Чтение онлайн

на главную

Жанры

Избраное

Асадов Эдуард Аркадьевич

Шрифт:

ХОЧУ ПОНЯТЬ

Верить можно лишь в то, что всегда понятно.

В непонятное как же возможно верить?

Непонятное, правда, порой занятно,

Только все-таки это – глухие двери.

Вот никак не пойму: почему, зачем

Божьим силам угоден лишь раб скорбящий,

Раб, повсюду о чем-то всегда молящий,

Уступающий в страхе всегда и всем?

Отчего возвеличен был в ранг святого

Тот, кто где-нибудь схимником век влачил,

Кто постами себя изнурял сурово

И в молитвах поклоны бессчетно бил?

Он не строил домов, не мостил дороги,

Он не сеял хлебов, не растил детей

И за чьи-либо горести и тревоги

Не платился в борьбе головой своей.

Он молился. Все правильно. Но молиться

Много легче, чем молотом в кузне бить,

Плавить сталь иль сосны в тайге валить.

Нет, молиться – не в поте лица трудиться!

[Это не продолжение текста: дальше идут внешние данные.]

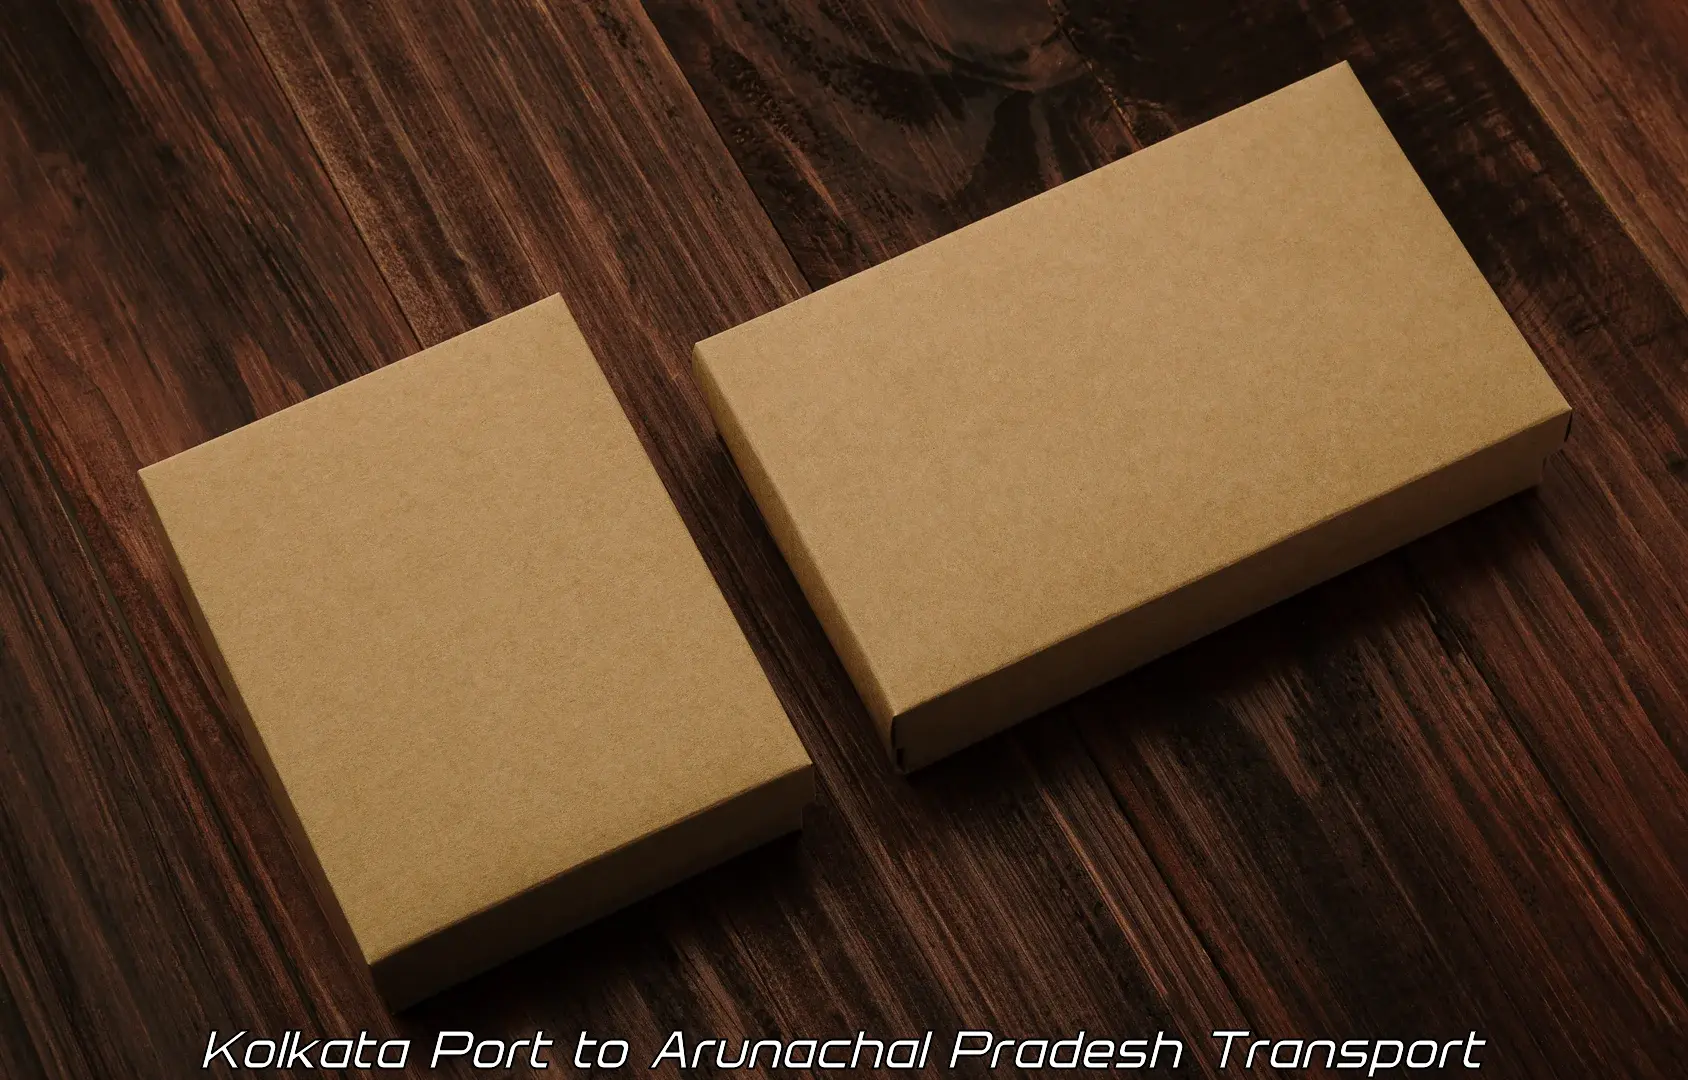 Two wheeler parcel service Kolkata Port to Bomdila

Но в святые возвысили не того,

Кто весь век был в труде и соленой влаге,

А того, не свершившего ничего

И всю жизнь говорившего лишь о благе.

И правдиво ль Писание нам гласит,

Что повсюду лишь тот и отмечен Богом,

Кто склоняется ниц пред Его порогом

И в молитвах Ему постоянно льстит?!

Бог – есть Бог. Он не может быть людям равным,

Уподобясь хоть в чем-нибудь их судьбе.

Разве может он быть по-людски тщеславным

И вдыхать фимиам самому себе?!

И оттуда – из гордого великолепья

Я не верю тому, что в людских глазах

С удовольствием видит ОН Божий страх

И униженно-жалкое раболепье!

И никак не могу я постичь душой,

Почему и в былом, и при нашем времени

Жизнь мерзавцев, как правило, – рай земной,

А порядочным – вечно щелчки по темени?!

И коль ведомо Богу всегда о том,

Что свершится у нас на земле заране,

Почему ОН не грянет святым огнем

По жулью, подлецам и по всякой дряни?!

Да, согласен: ОН есть. Но иной, наверно,

И не все, может статься, в Его руках,

Значит, биться со всем, что черно и скверно,

Надо нам. Нам самим, на свой риск и страх.

Да и надо ль, чтоб лезли в глаза и уши

Жар свечей, песнопенья и блеск кадил?

Бог не жаждет

торжеств, не казнит, не рушит.

Пусть Он вечно живет только в наших душах,

Где учил бы труду и любви учил.

Жить по совести – это и есть – прекрасно.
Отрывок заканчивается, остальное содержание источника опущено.